Так начинаются долгие дни и ночи, заслоненные не спадающим жаром, болью и жаждой. В ознобе, темном и страшном, один из них мечется на койке в грязном бараке, переоборудованном под госпиталь, другой — под крышей отцовского дома. А единая душа их в это время пребывает где–то в тонком эфире между небом и землей. Одна душа — два тела.
Все время, пока длится лихорадка под тихий шелест отлетающих календарных дней, наполненных влажной духотой и комариным звоном, разноцветные стрелки — красные, черные, зеленые, синие — продолжают расчерчивать карту страны. Армии наступают, армии отступают, у позабытых городов появляются крестики, обозначающие места сражений. Одна из стрелок ведет от персидского берега Каспия к Баку — это Старфорширдский полк высаживается в городе на излете лета, чтобы разогнать правительство красных комиссаров.

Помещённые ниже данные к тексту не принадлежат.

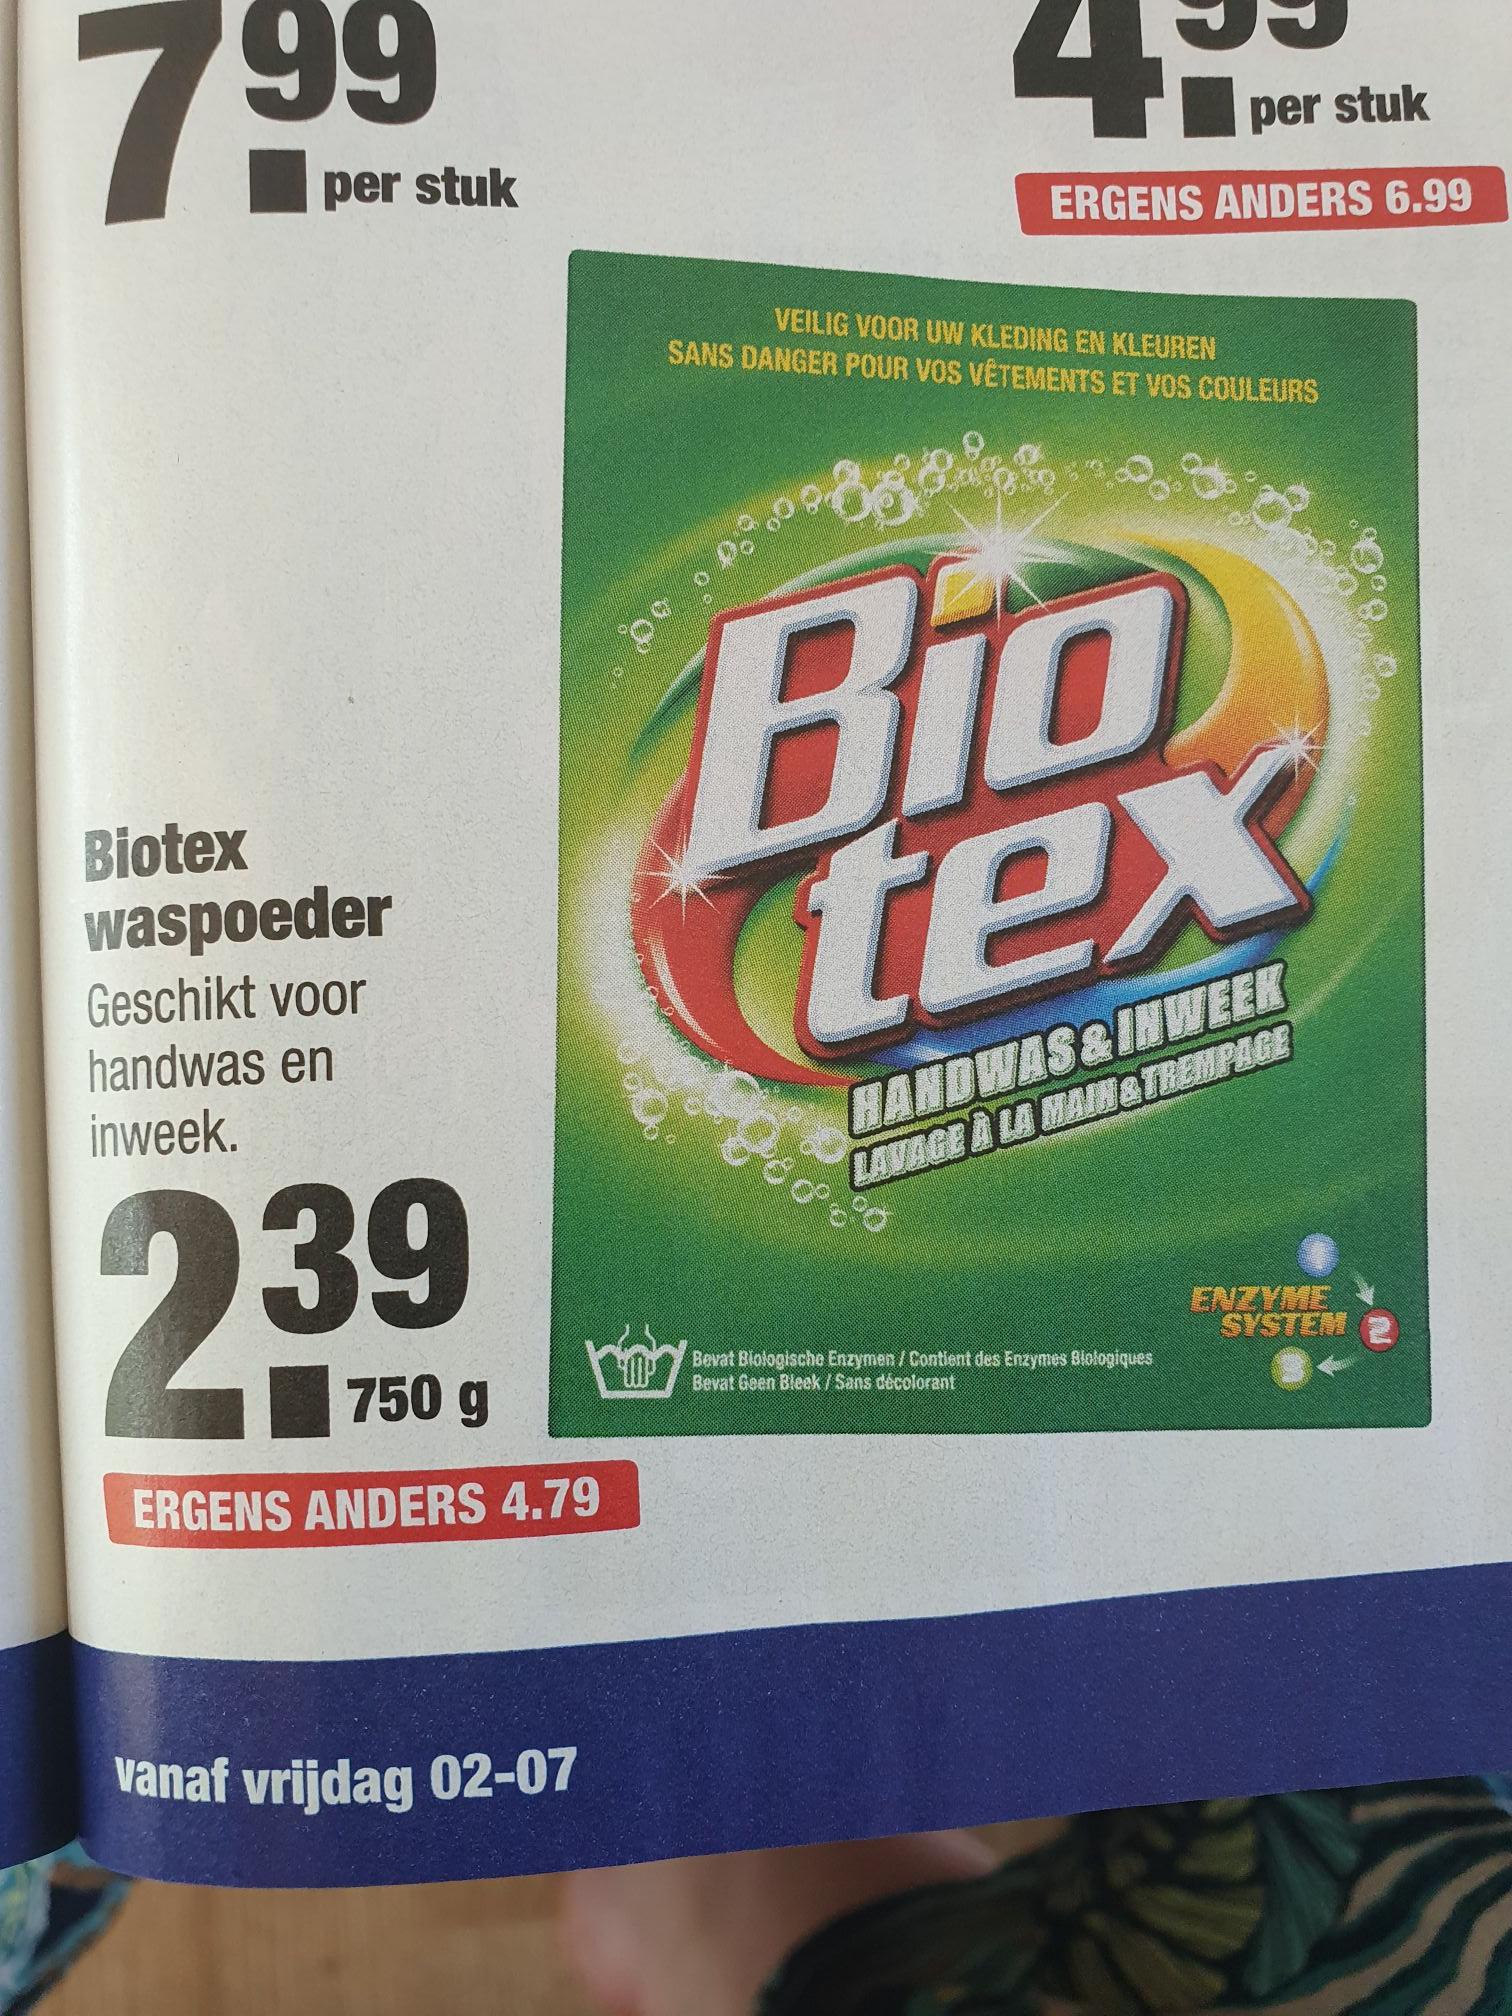 Biotex 2.39 bij de Aldi

Другая тянется от Баку на восток, обозначая крестный путь комиссаров к месту казни.
Их убили и спрятали в золотых песках. А всего через сорок дней (история этой страны странным образом сплошь пронизана магическими числами) британцы, отправившие комиссаров на смерть, проиграли битву за столицу.
Город освобожден.
…Так завершился путь от Гянджи до Баку. Долгий путь с запада на восток, обратно движению солнца. А с ним закончилась и головоломная путаница с двумя героями. В тот самый момент, когда победоносные солдаты маршируют по проспекту Истиглалийат, и люди, стоящие на балконах уцелевших домов, аплодируют и кричат от восторга, когда военный оркестр начинает играть османский марш, а среди турецких военных штандартов взлетает трехцветное знамя Республики, Идрис Халил, стоящий в толпе рядом с фонарным столбом, встречается взглядом со своим двойником, марширующим в ряду офицеров азербайджанского полка, и один из них исчезает…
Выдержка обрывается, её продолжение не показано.